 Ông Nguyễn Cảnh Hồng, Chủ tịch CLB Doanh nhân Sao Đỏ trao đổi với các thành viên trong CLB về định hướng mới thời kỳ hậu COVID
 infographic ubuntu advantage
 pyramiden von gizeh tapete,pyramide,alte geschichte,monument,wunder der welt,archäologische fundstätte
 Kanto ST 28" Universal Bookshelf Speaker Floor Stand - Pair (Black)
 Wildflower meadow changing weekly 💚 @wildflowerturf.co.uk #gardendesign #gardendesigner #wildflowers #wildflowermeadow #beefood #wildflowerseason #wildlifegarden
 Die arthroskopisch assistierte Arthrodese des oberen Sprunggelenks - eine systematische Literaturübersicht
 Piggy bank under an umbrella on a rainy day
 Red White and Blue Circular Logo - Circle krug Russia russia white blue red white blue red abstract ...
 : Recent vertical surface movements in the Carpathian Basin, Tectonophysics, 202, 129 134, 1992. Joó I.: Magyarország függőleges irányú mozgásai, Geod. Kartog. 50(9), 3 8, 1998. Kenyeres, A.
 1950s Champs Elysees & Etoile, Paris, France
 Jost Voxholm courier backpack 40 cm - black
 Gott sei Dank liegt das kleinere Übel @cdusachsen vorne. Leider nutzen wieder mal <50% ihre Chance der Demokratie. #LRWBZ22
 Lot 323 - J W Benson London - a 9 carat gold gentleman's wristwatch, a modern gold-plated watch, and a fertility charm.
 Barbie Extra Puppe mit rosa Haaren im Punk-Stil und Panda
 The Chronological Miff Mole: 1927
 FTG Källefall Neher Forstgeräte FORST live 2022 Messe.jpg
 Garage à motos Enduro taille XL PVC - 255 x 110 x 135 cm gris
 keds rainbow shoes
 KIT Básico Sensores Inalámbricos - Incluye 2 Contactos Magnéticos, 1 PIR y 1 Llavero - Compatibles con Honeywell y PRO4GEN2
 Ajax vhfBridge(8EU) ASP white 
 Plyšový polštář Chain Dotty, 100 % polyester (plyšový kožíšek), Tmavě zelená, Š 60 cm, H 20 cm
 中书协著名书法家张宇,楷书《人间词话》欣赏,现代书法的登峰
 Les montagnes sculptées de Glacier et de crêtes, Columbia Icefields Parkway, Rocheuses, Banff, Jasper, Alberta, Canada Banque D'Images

> _WORK TO COMPLETE_
Search the entries for the string "white" and return each line where it turns up.

> _WRITTEN REPLY_
 Red White and Blue Circular Logo - Circle krug Russia russia white blue red white blue red abstract ...
 Ajax vhfBridge(8EU) ASP white 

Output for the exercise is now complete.